→ **Requirement**
The reply must repeat the listing below exactly and carry none of its pictures.

··· Dataset section ···

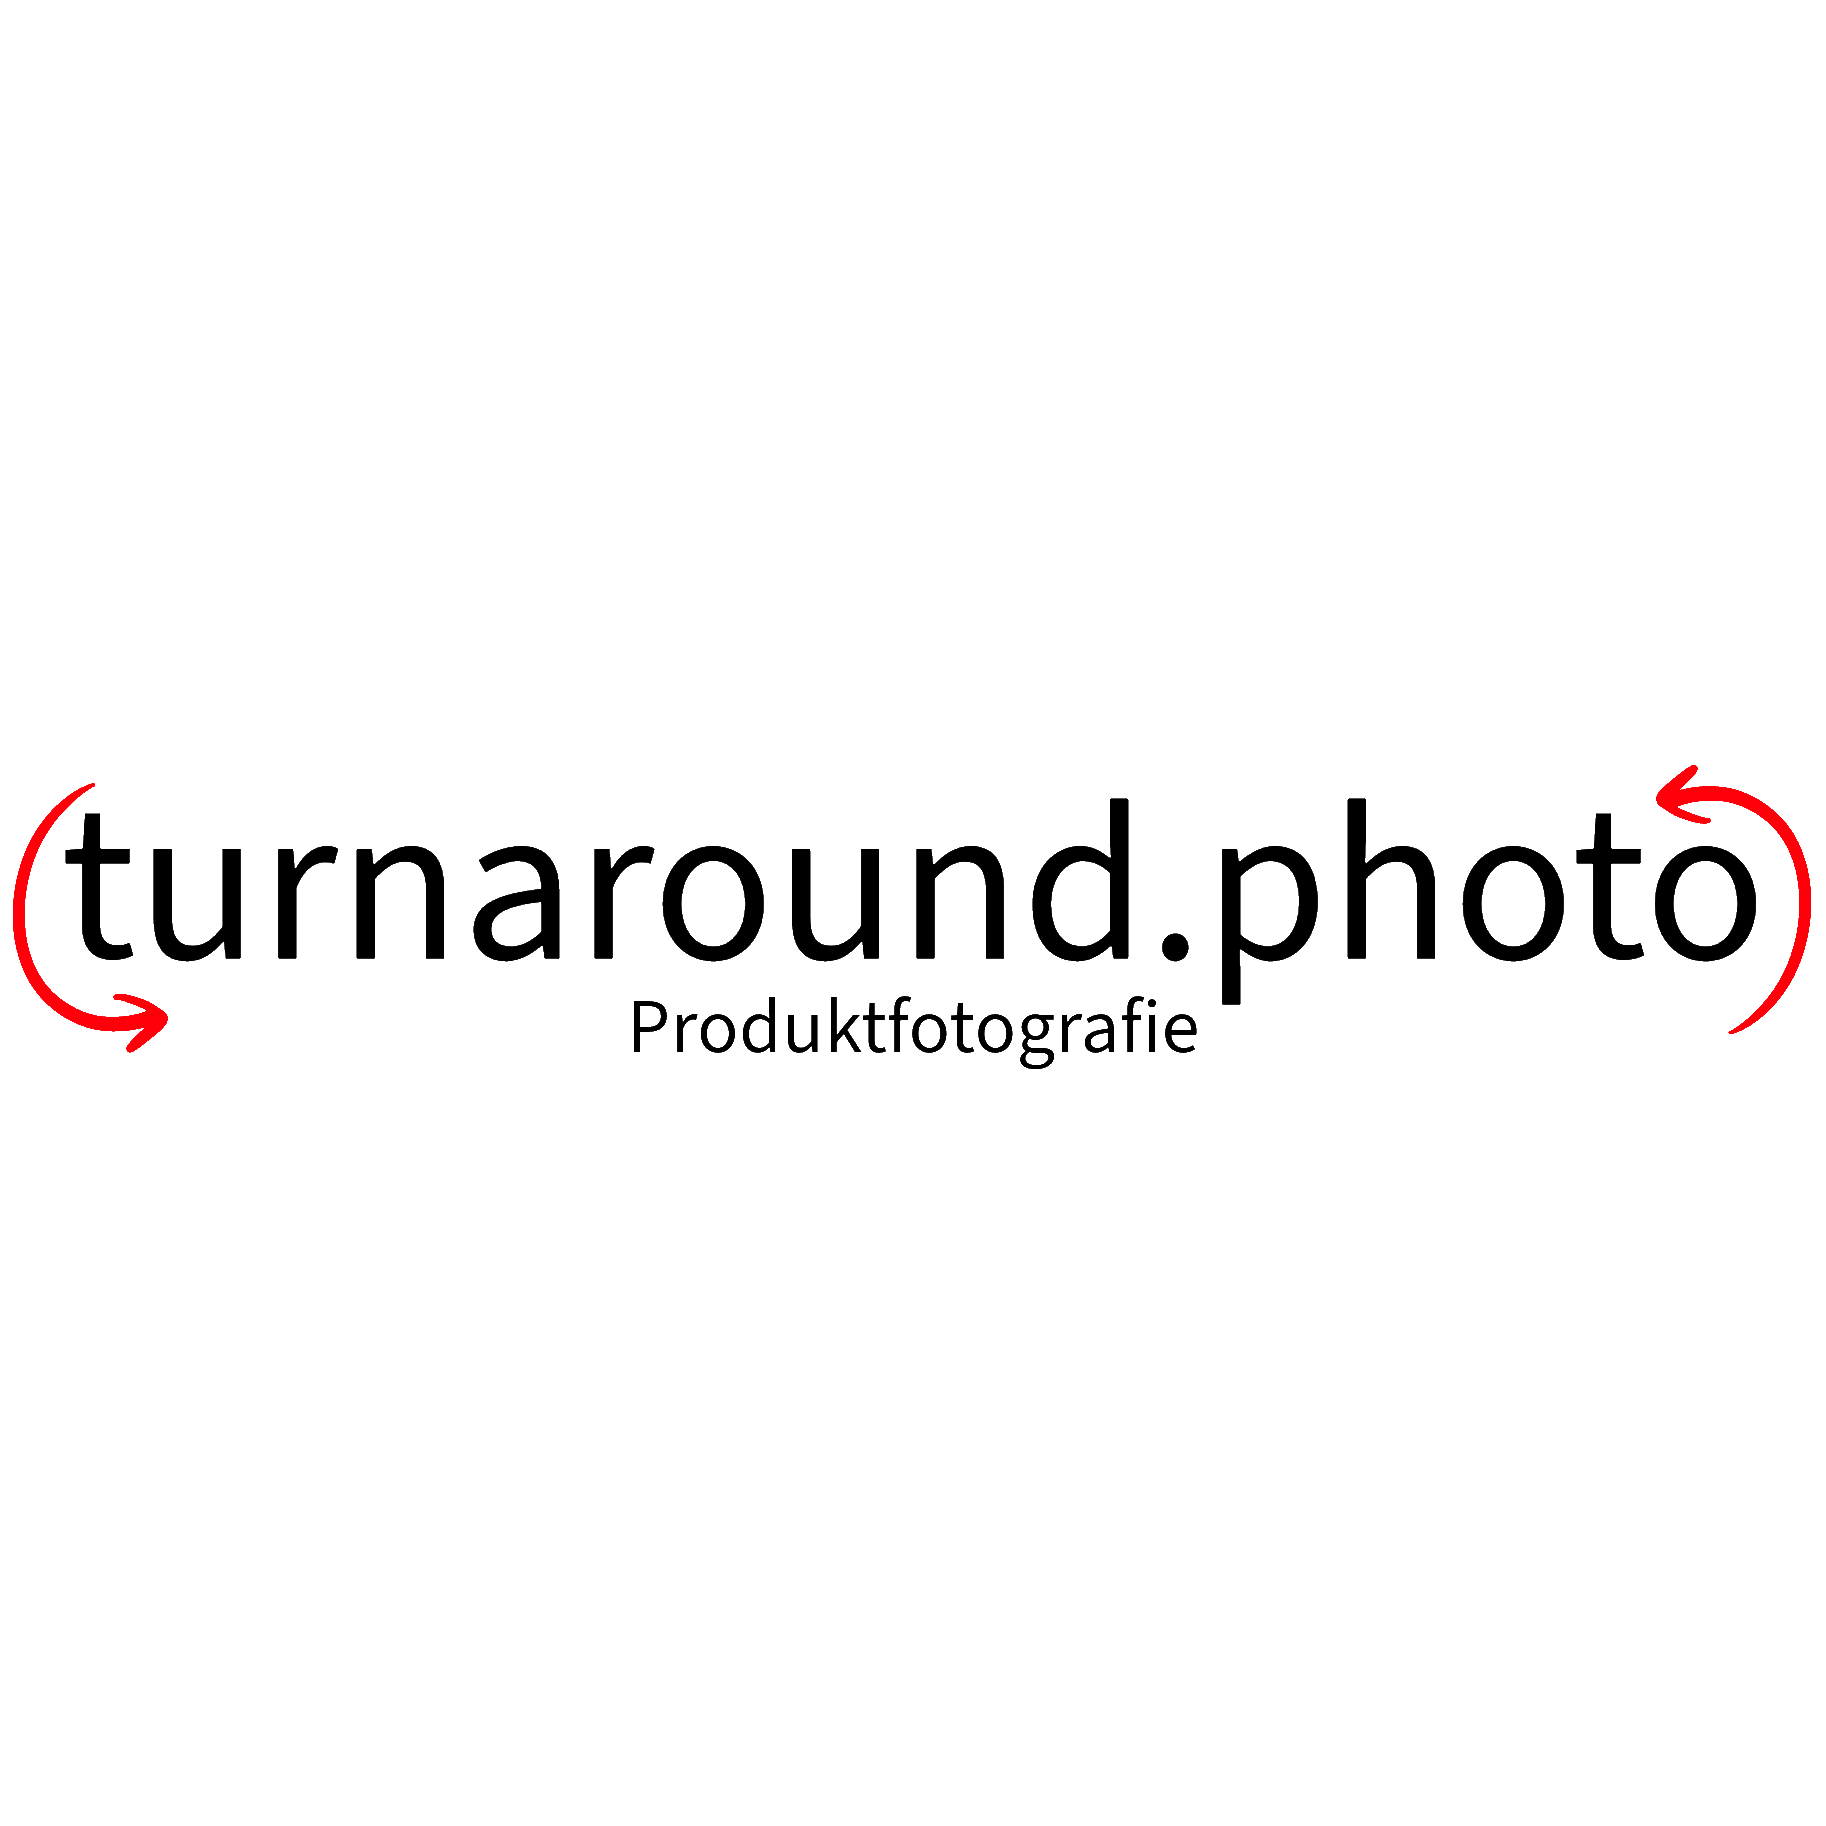 turnaround.photo in Bruckmühl an der Mangfall - Logo
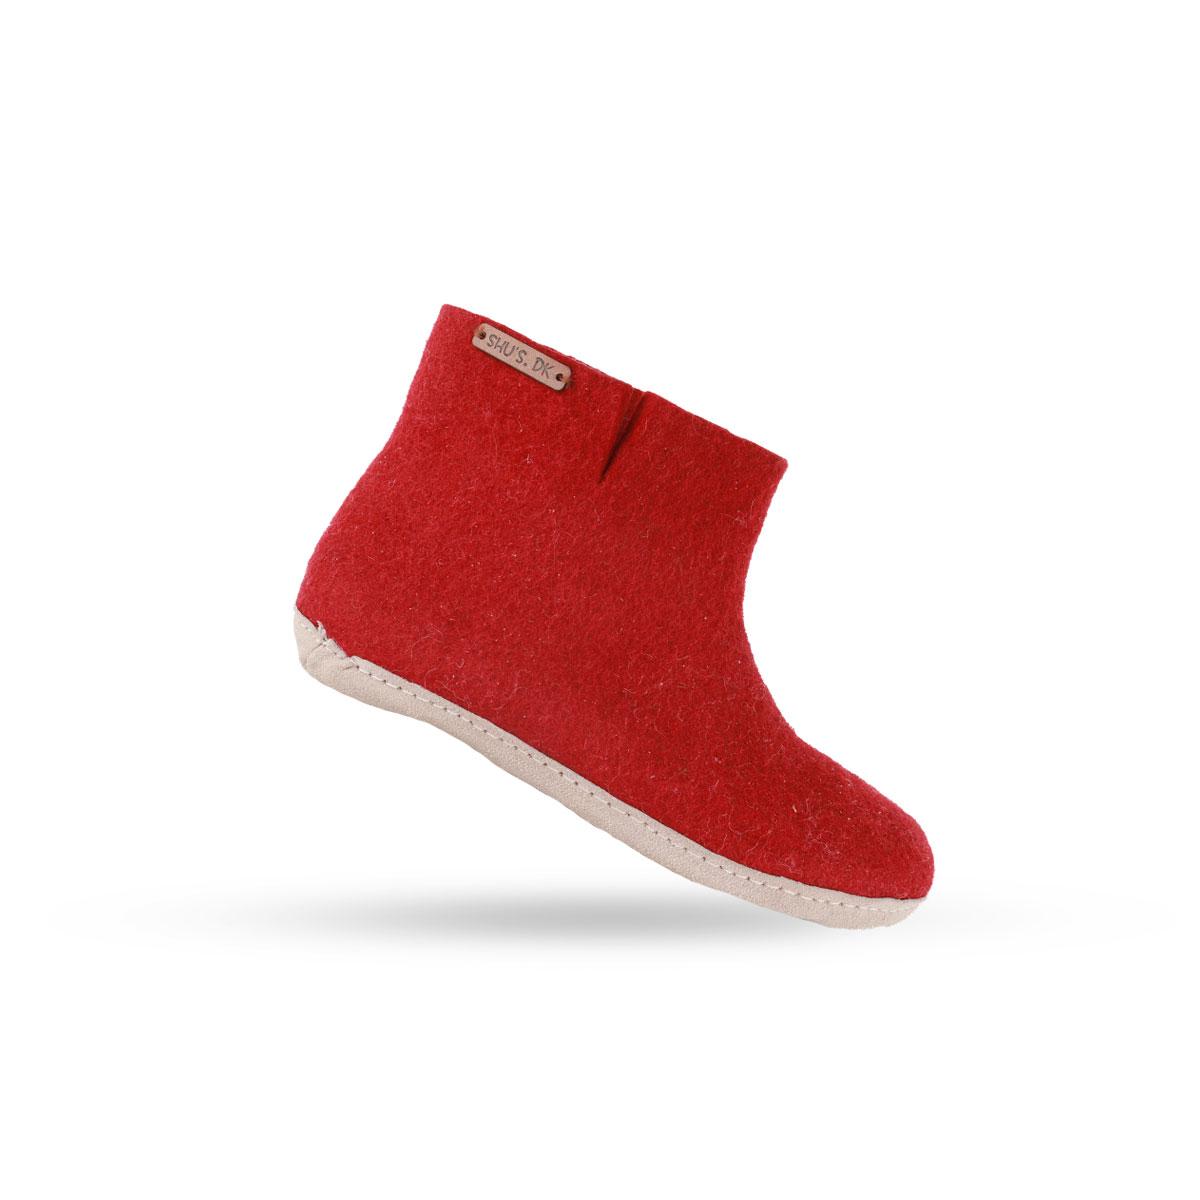 Uldstøvle (100% ren uld) - Model Rød m/sål i skind - Dansk Design fra SHUS
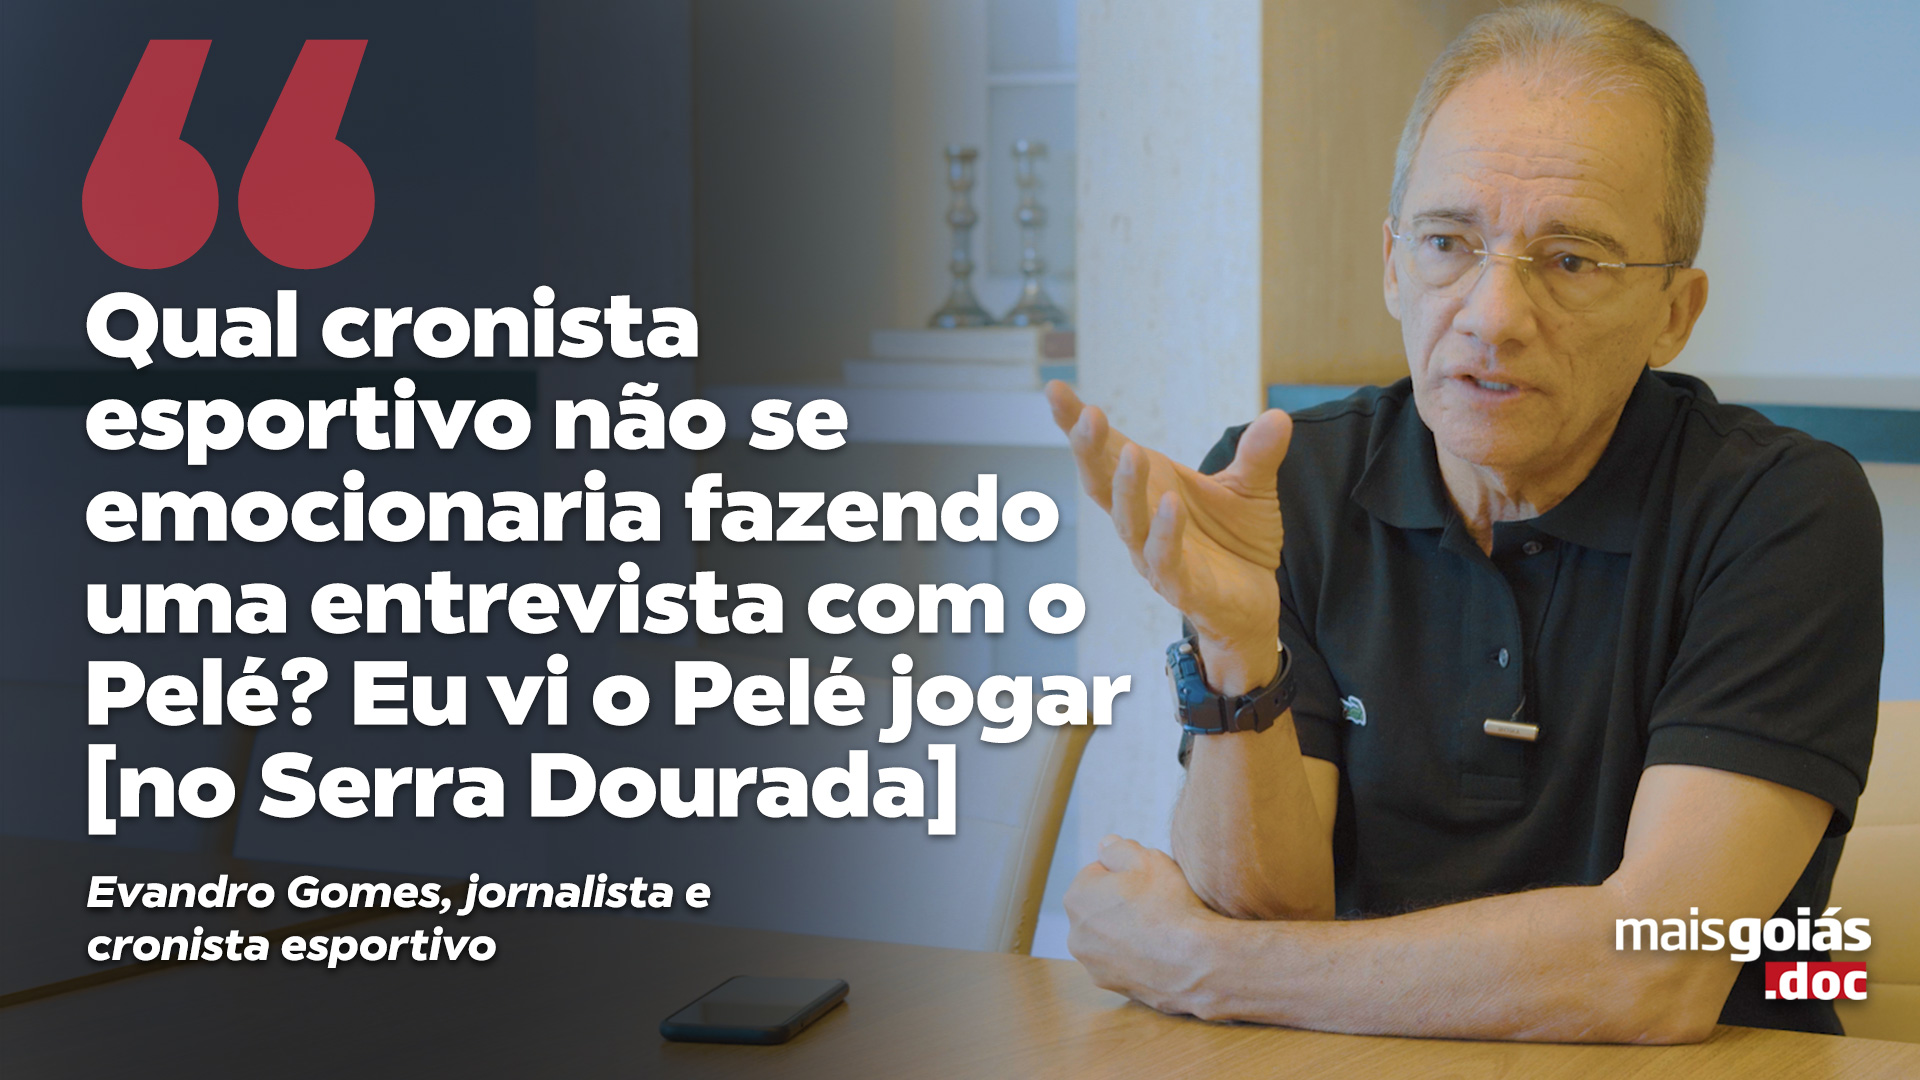 Mais Goiás.doc relembra história do estádio Serra Dourada (Foto: Artur Dias | Arte: Niame Loiola)

···

→ **Your response**
 turnaround.photo in Bruckmühl an der Mangfall - Logo
 Uldstøvle (100% ren uld) - Model Rød m/sål i skind - Dansk Design fra SHUS
 Mais Goiás.doc relembra história do estádio Serra Dourada (Foto: Artur Dias | Arte: Niame Loiola)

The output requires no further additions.